As to the interest of justice, CAA makes two arguments in favor of transfer. First, CAA contends that a central issue will be whether Rana and the other plaintiffs were independent contractors, as the proposed contract provides, and thus, it contends, not covered by the relevant provisions of the FCRA. CAA argues that determining whether plaintiffs are independent contractors is a matter of Texas law under the proposed contract, while Rana claims that it is a matter of federal law under the FCRA. If it is a matter of Texas law, a Texas federal court is likely to be more familiar with the relevant law. This fact does not strongly support transfer, however, because CAA offers nothing to suggest Texas law regarding whether a person is an independent contractor is particularly different from Illinois law or otherwise difficult to apply.
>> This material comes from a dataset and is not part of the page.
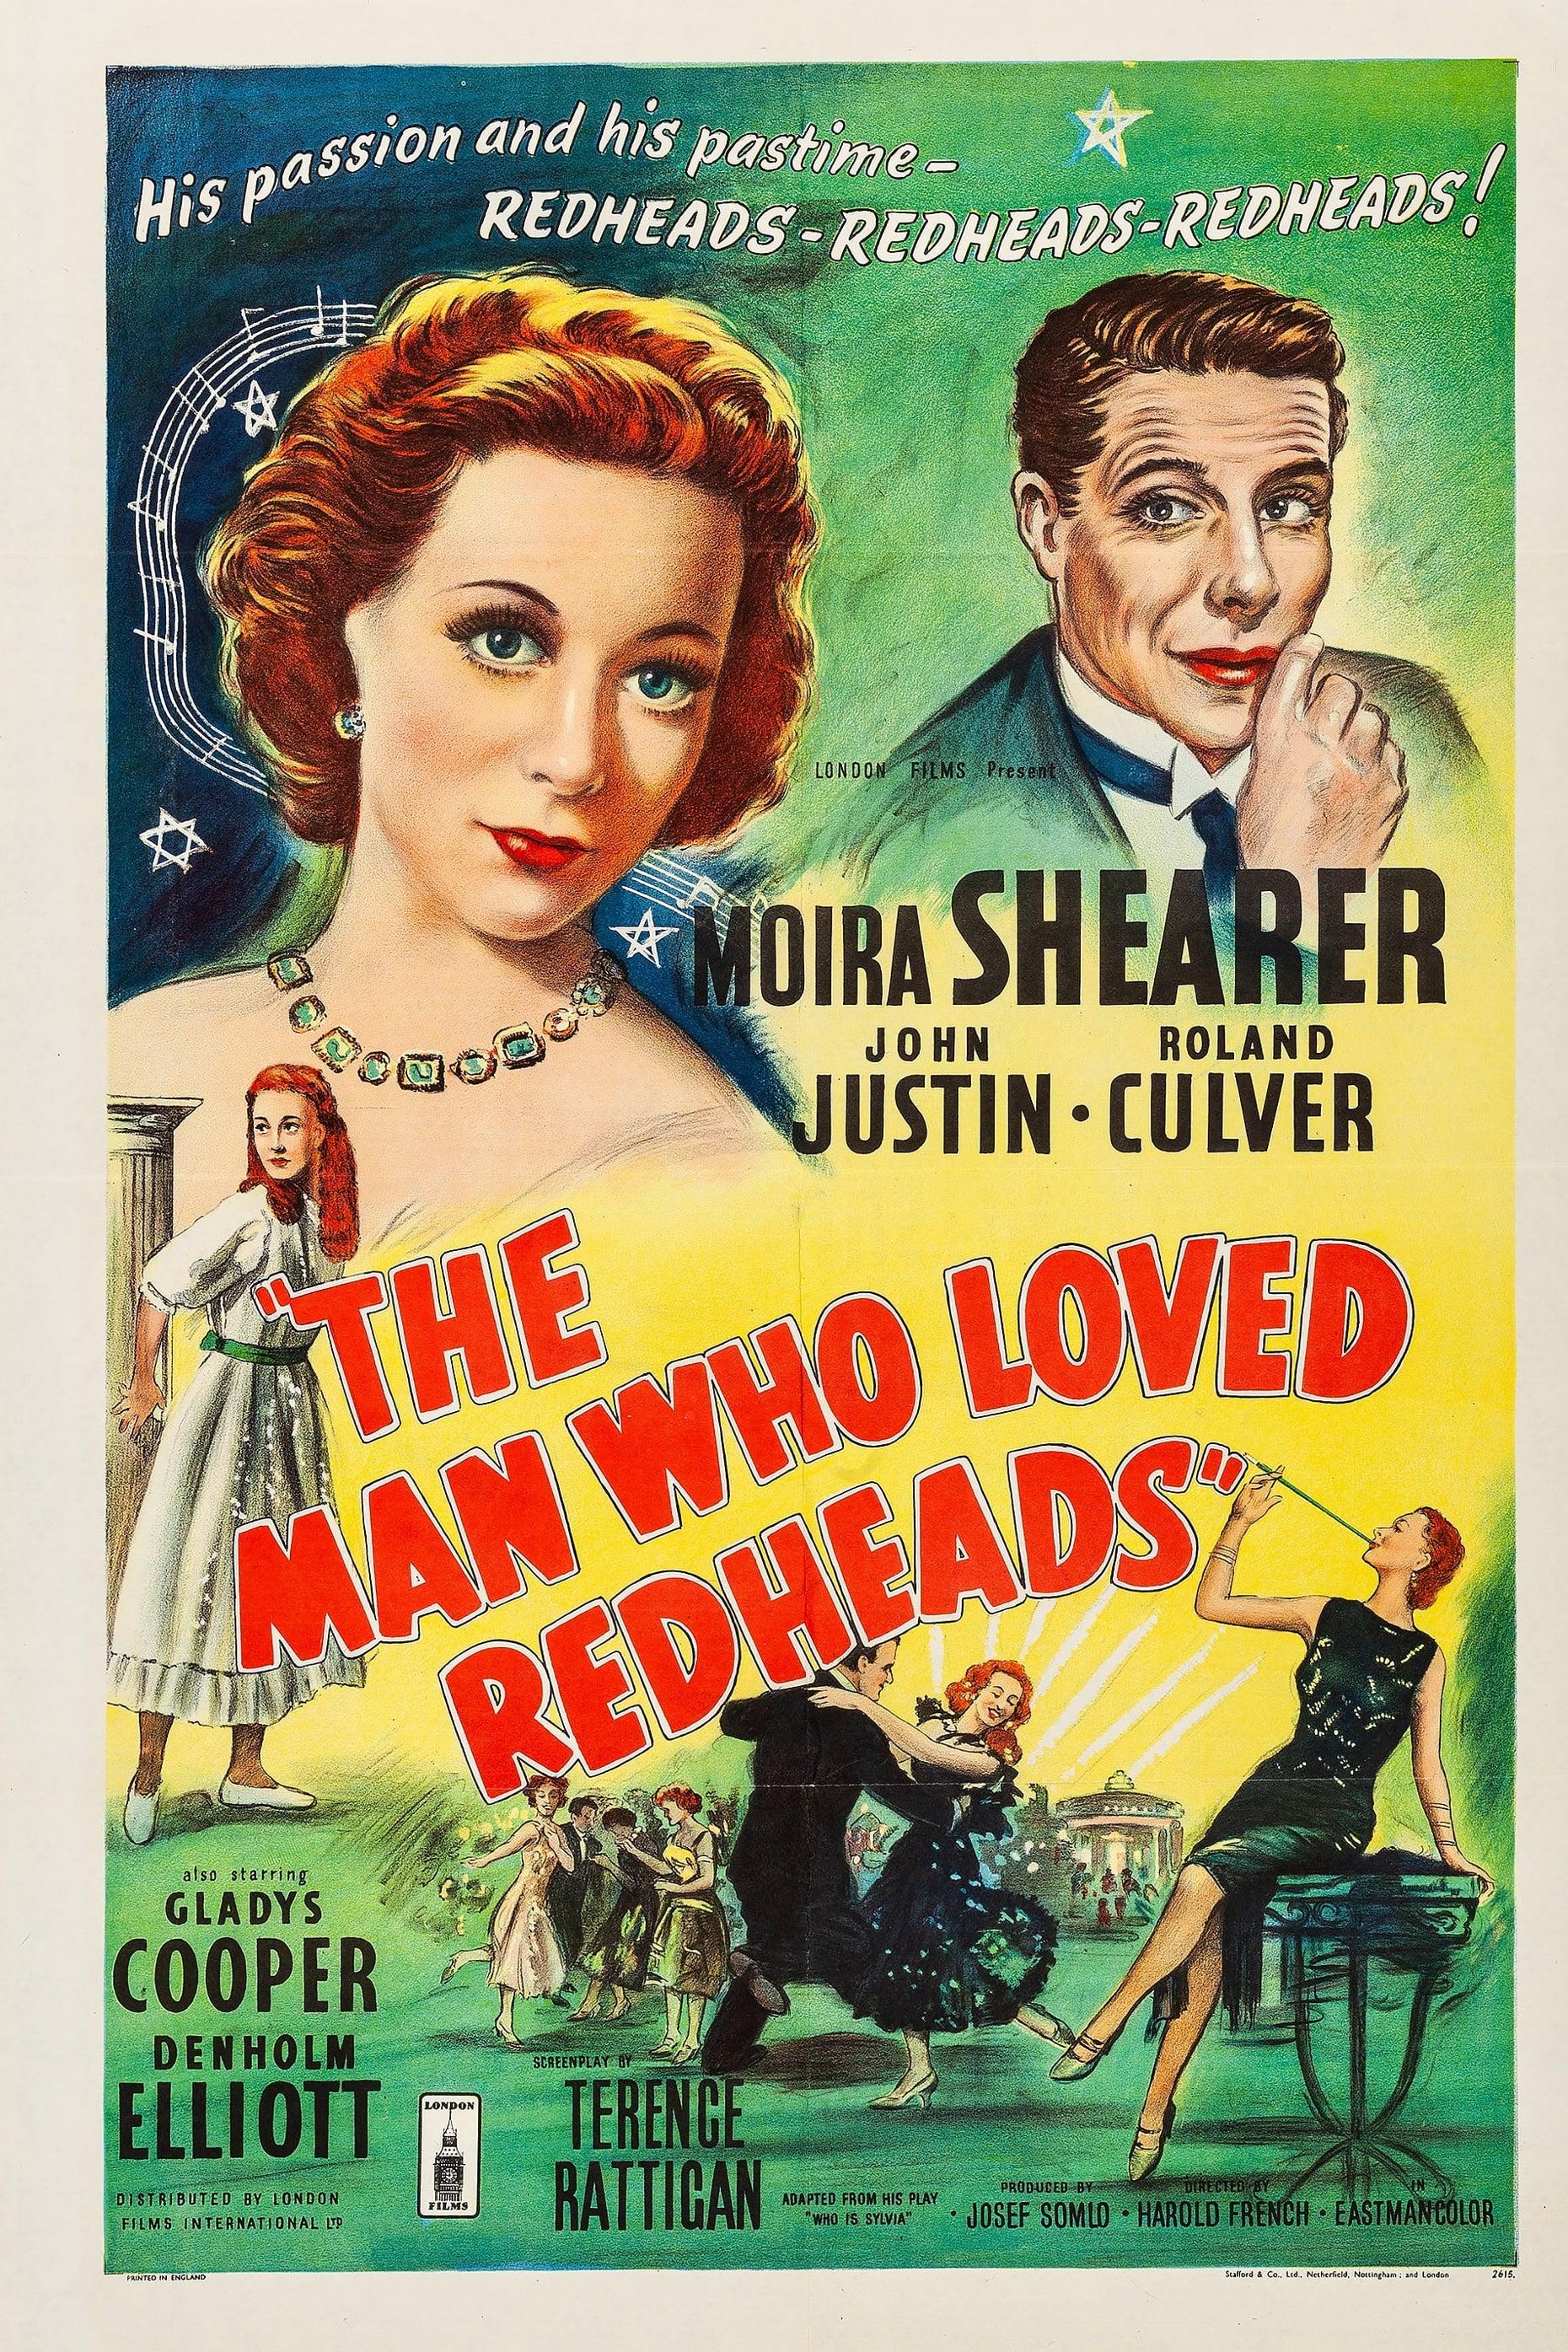 The Man Who Loved Redheads poster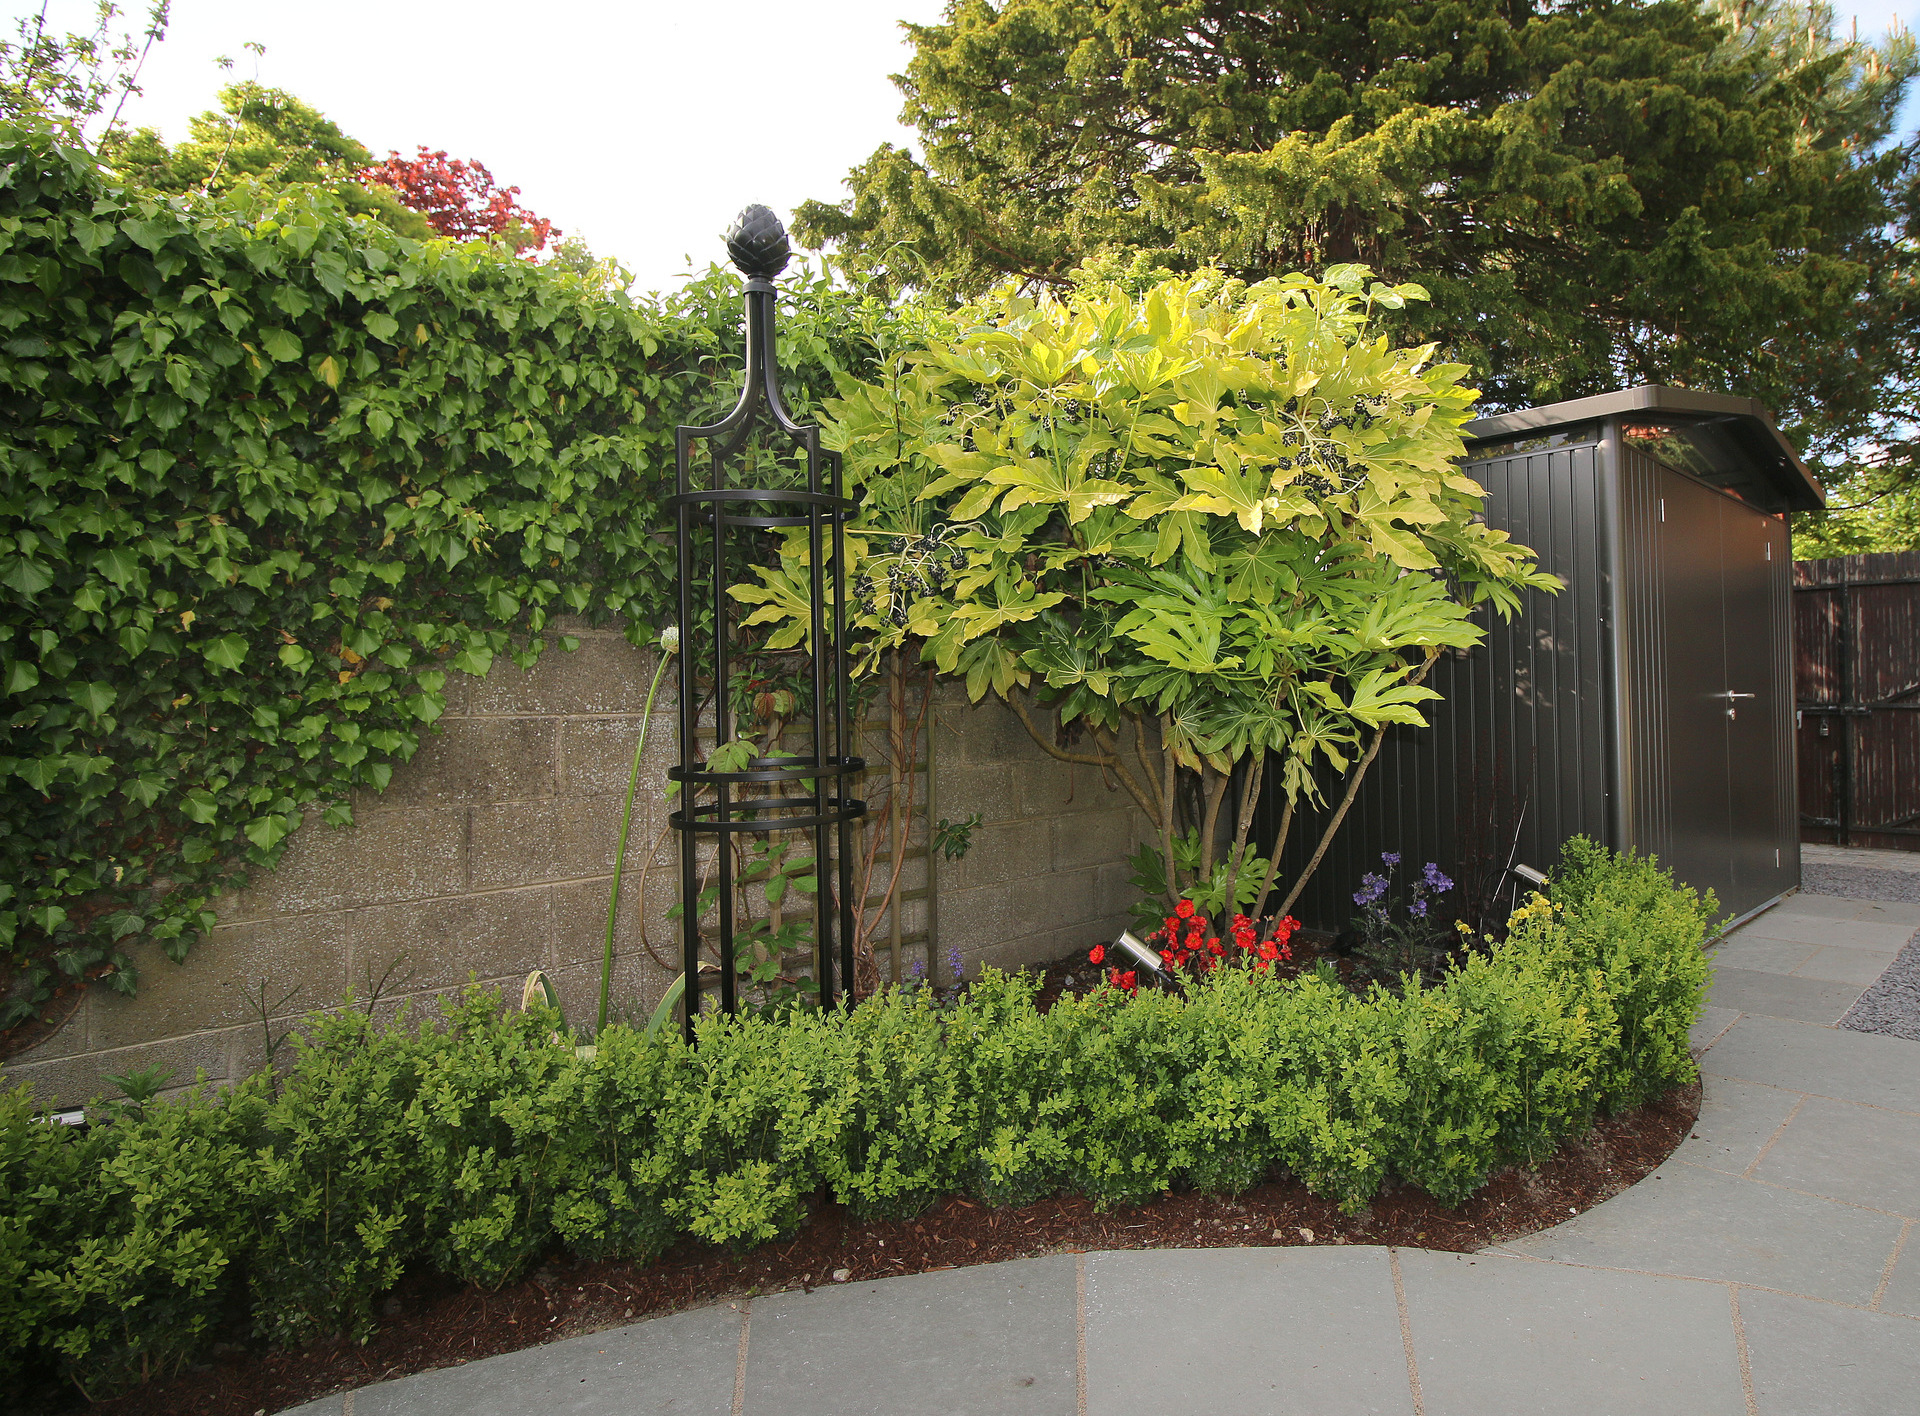 Garden Design & Planting in Clontarf, Dublin 3 featuring Buxus Hedging, Fatsia Japonica, Rose Obelisk, mixed Herbaceous Borders

CAA also argues that statistics complied by the Administrative Office of the United States Courts show that cases that go to trial conclude more quickly in the Northern District of Texas than in this district. Def. Ex. 3 at 2. This argument does not strongly support transfer, for two reasons. First, the disparity exists only for the relatively minuscule percentage of cases that go to trial. The time to disposition for all cases is approximately the same in both districts. Id. Second, the statistics incorporate all civil cases and do not distinguish among case types. Thus they provide little indication of which court could more quickly resolve this particular type of case. Id.

In short, some of the relevant factors suggest that the convenience of the parties and witnesses and the interest of justice would be served by transfer to the Northern District of Texas. The balance, however, is not strongly in favor of CAA. Granting due deference to Rana's choice of forum, the Court declines to transfer the case.

C. Class claim

CAA contends that Rana's class claims must be pursued in Texas, because the potential class plaintiffs are not similarly situated to Rana. The question of whether Rana has claims "typical of the claims . . . of the class" is not relevant to the current decision regarding whether to dismiss or transfer the case but is instead a matter for the Court to address if and when it decides whether to certify any of his proposed classes. Fed. R. Civ. P. 23(a)(3).

Conclusion

For the reasons stated above, the Court denies defendant's motion to dismiss or transfer[docket no. 20]. The case is set for a status hearing on April 23, 2012 at 8:45 a.m. for the purpose of setting a discovery and pretrial schedule. Defendant's out-of-town counsel may participate by telephone. Counsel are directed to discuss and attempt to agree on a proposed schedule in advance of the status hearing.